Kingdom of Great Britain
- Name: HMS Surprize
- Acquired: October 1778 by capture
- Fate: Sold 1783

General characteristics
- Tons burthen: 222 63⁄94 (bm)
- Length: 96 ft 9 in (29.5 m) (gundeck); 80 ft 5+3⁄8 in (24.5 m) (keel);
- Beam: 22 ft 10 in (7.0 m)
- Depth of hold: 16 ft 10 in (5.1 m)
- Sail plan: Sloop
- Complement: Bunker Hill: 100; HMS Surprize: 125;
- Armament: Bunker Hill: 18-20 × 6-pounder guns; HMS Surprize: 18 × 6-pounder guns + 8 × 1⁄2-pounder swivel guns;

= Bunker Hill (1778 ship) =

Bunker Hill was a Massachusetts privateer sloop, first commissioned in 1778. She made two cruises, capturing three prizes, but during her second cruise the Royal Navy captured her at Saint Lucia. The Royal Navy took her into service as HMS Surprize. She served in the Caribbean, and was one of the two sloops that captured Essequibo and Demerara in March 1781. She sailed to Britain in late 1782 where the Navy sold her in 1783. The French Navy may have purchased her. If so, they sold her in 1789.

==Bunker Hill==
Bunker Hill, under the command of Edward Rolland, departed on her first cruise in mid-June 1778. She returned on 26 September, having captured one vessel, which was possibly the 50-ton (bm) brig Mary, Thomas Mallowney, master.

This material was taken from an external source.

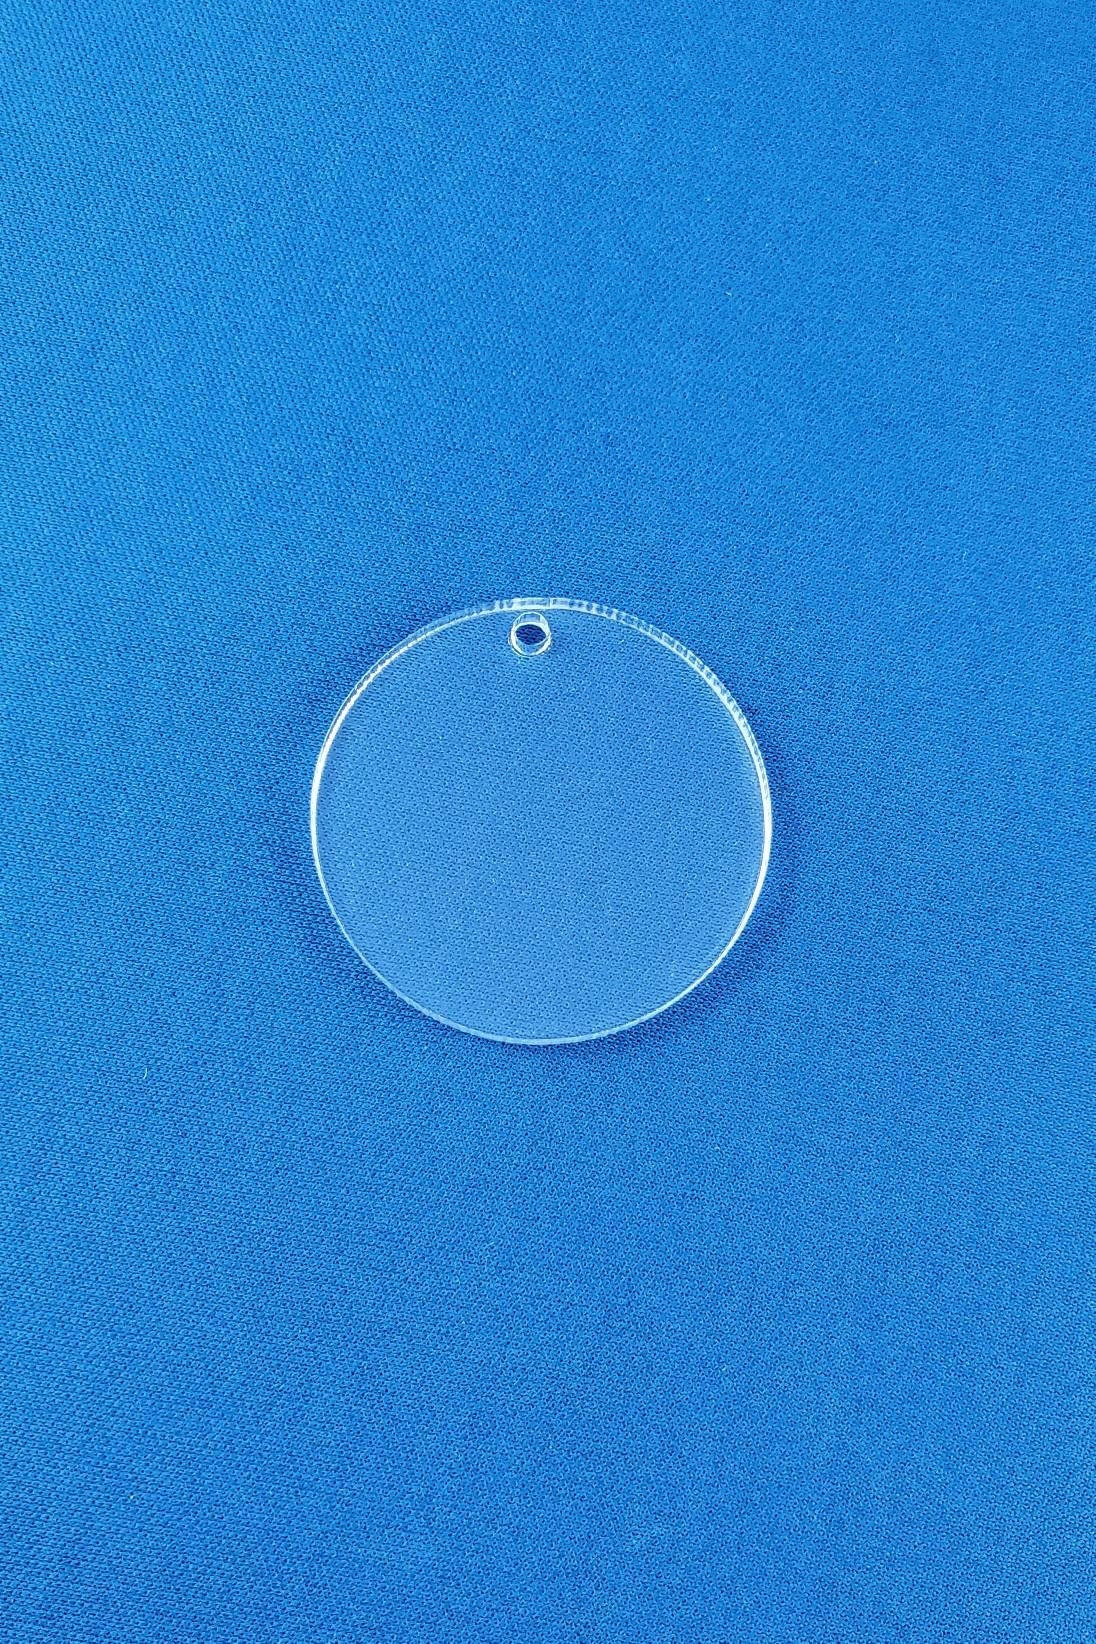 3 Pièces Cercles Acryliques Clairs Blancs Disques Acryliques Disque En  Plexiglas Transparent Feuille Acrylique Ronde Pour Projets De Bricolage Et  Artisanat, Trouvez De Bonnes Affaires Maintenant

Commander Nicholas Ogelbe commissioned Bunker Hill on 27 October. On 2 December he sailed her from Salem, intending to cruise off Barbados. Two days out of port Bunker Hill captured the 100-ton (bm) schooner Delaware, Thomas Butler, master. She was sailing from Quebec to New York with a cargo of flour. Ogelbe sent her into Salem. Later, Bunker Hill captured a second vessel.

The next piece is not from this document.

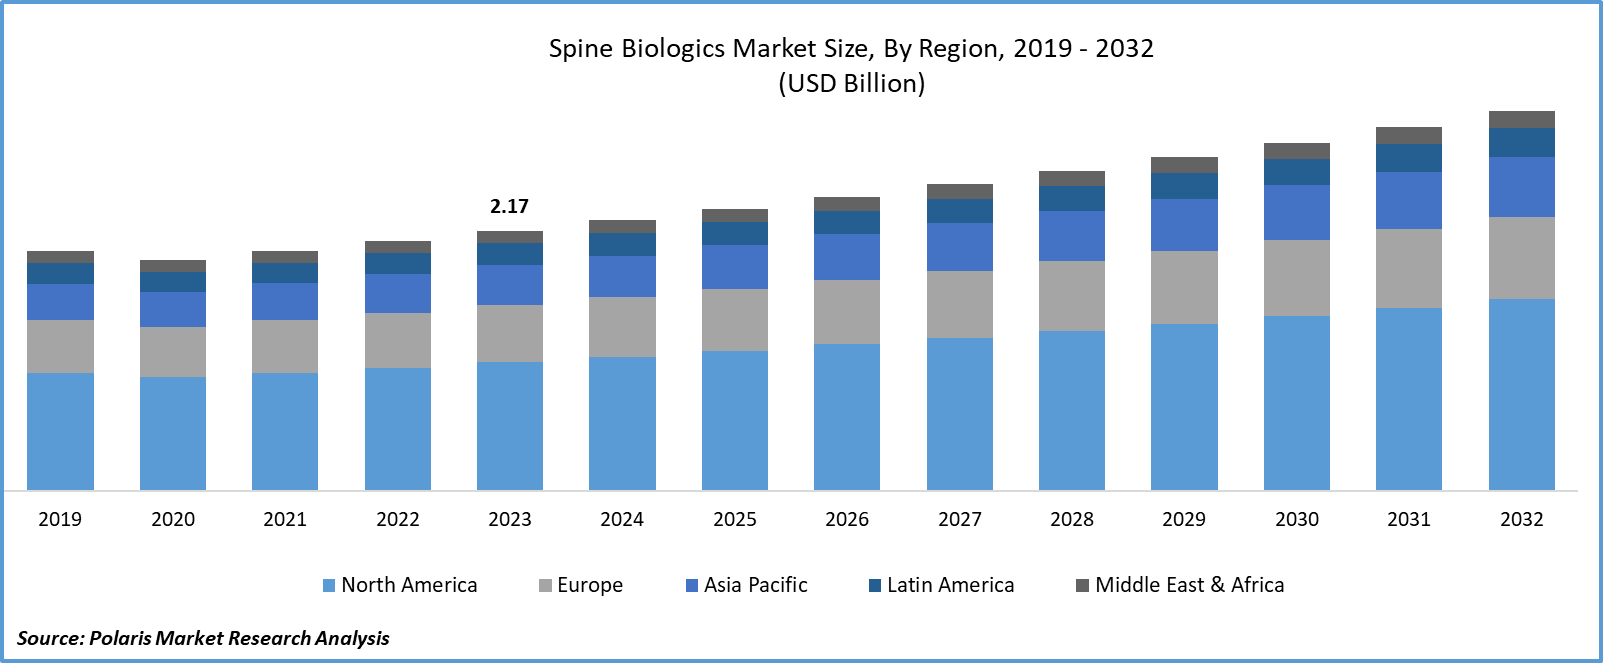 Spine Biologics Market Size

On 22 December Bunker Hill sailed into Grand Cul De Sac Bay, Saint Lucia at night. She had made an error in navigation and thought she was joining up with the French fleet under Count d'Estaing, which was anchored about a league away from the British fleet under Admiral Barrington that had captured St Lucia. In the morning she discovered that she was anchored within cannon-shot of the British. Bunker Hill struck and the boats of Barrington's fleet took possession of her before any French vessel could intervene. Barrington decided to take her into service as she was a fast sailer and he had just been informed that the French had captured .

==HMS Surprize==
Admiral Barrington renamed Bunker Hill Surprize in recognition of the manner of her capture. The Royal Navy commissioned Surprize on 25 December 1778 with Barrington promoting Lieutenant James Brine, first lieutenant of into her as master and commander. Barrington paid £1017 7s 1 3/4d for Bunker Hill on 6 January 1779. He manned Surprize with 125 men. He also arranged an exchange of prisoners, the crew of Bunker Hill for the crew of Ceres.

On 3 April 1779 Surprize captured the Elizabeth.

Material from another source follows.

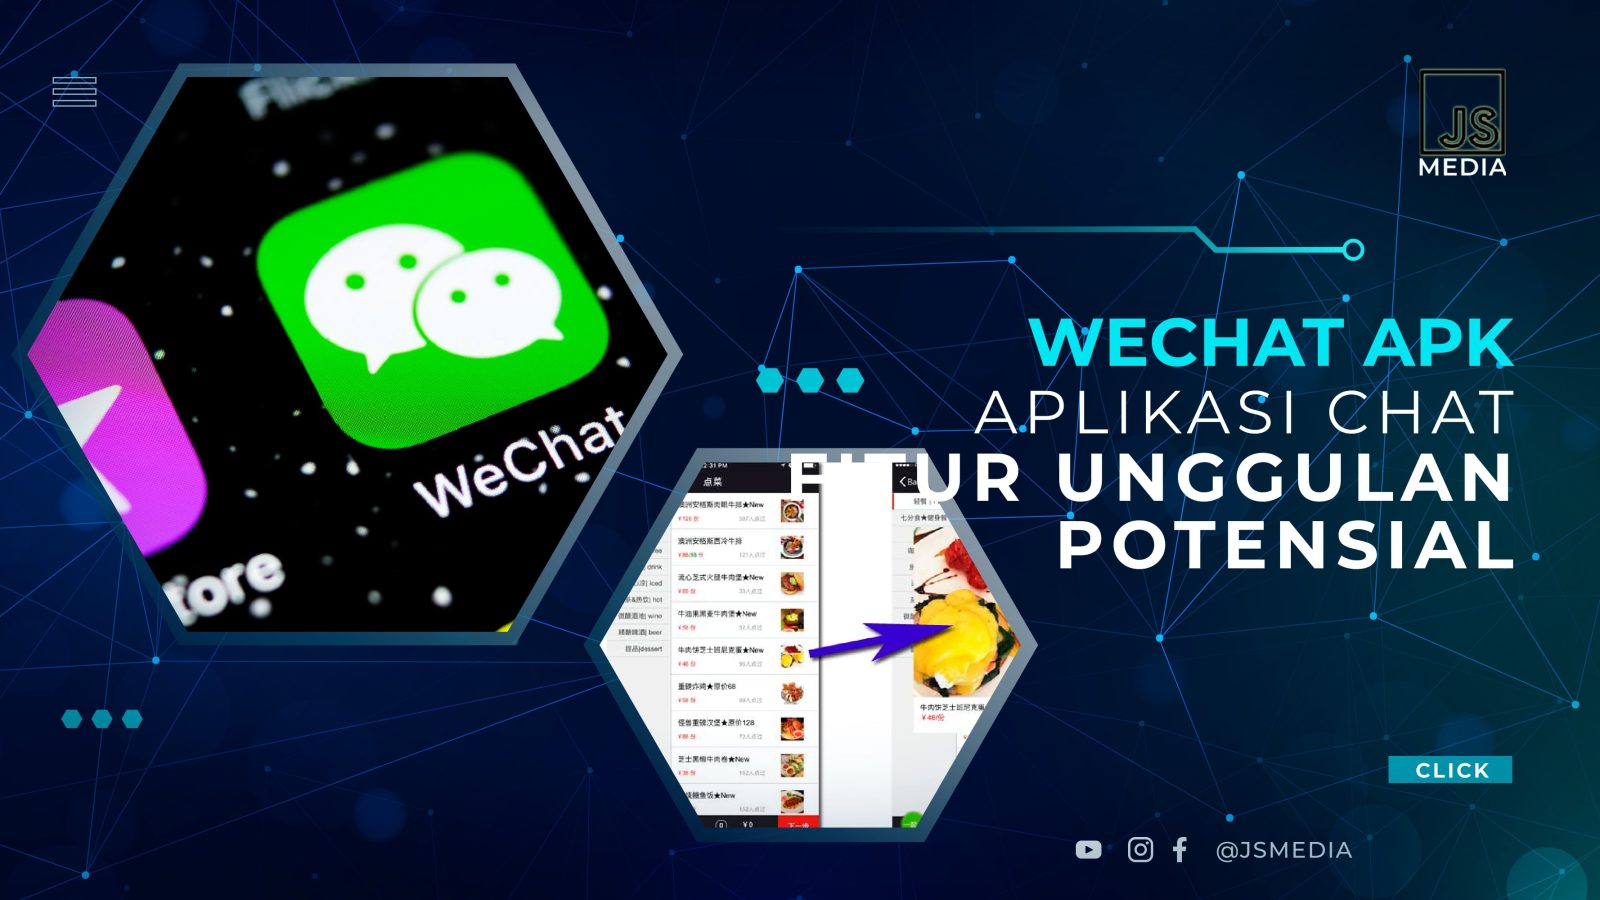 Download WeChat APK, Aplikasi Chat dengan Fitur Unggulan yang Potensial  

In December 1779, Commander George Day replaced Brine. He sailed her to the Leeward Islands on 25 December.

On 27 February 1781 Surprize and (Commander Francis Pender), which Admiral Lord Rodney had sent from St Eustatius, appeared at Demerara. In March, the sloops accepted the surrender of "Colony of Demarary and the River Essequebo". Shortly before they arrived, six British privateers had raided Essequibo and Demerara, captured sixteen Dutch ships, and forced the de facto surrender of the colonies.

Around April 1782 Commander William Miller replaced Day. In August Surprize was at Antigua being coppered.

==Fate==
The Navy paid off Surprize in November 1782. It then sold her on 16 January 1783 for £550.

The French may have purchased her with her becoming the Surprise, which was broken up at Rochefort in 1789.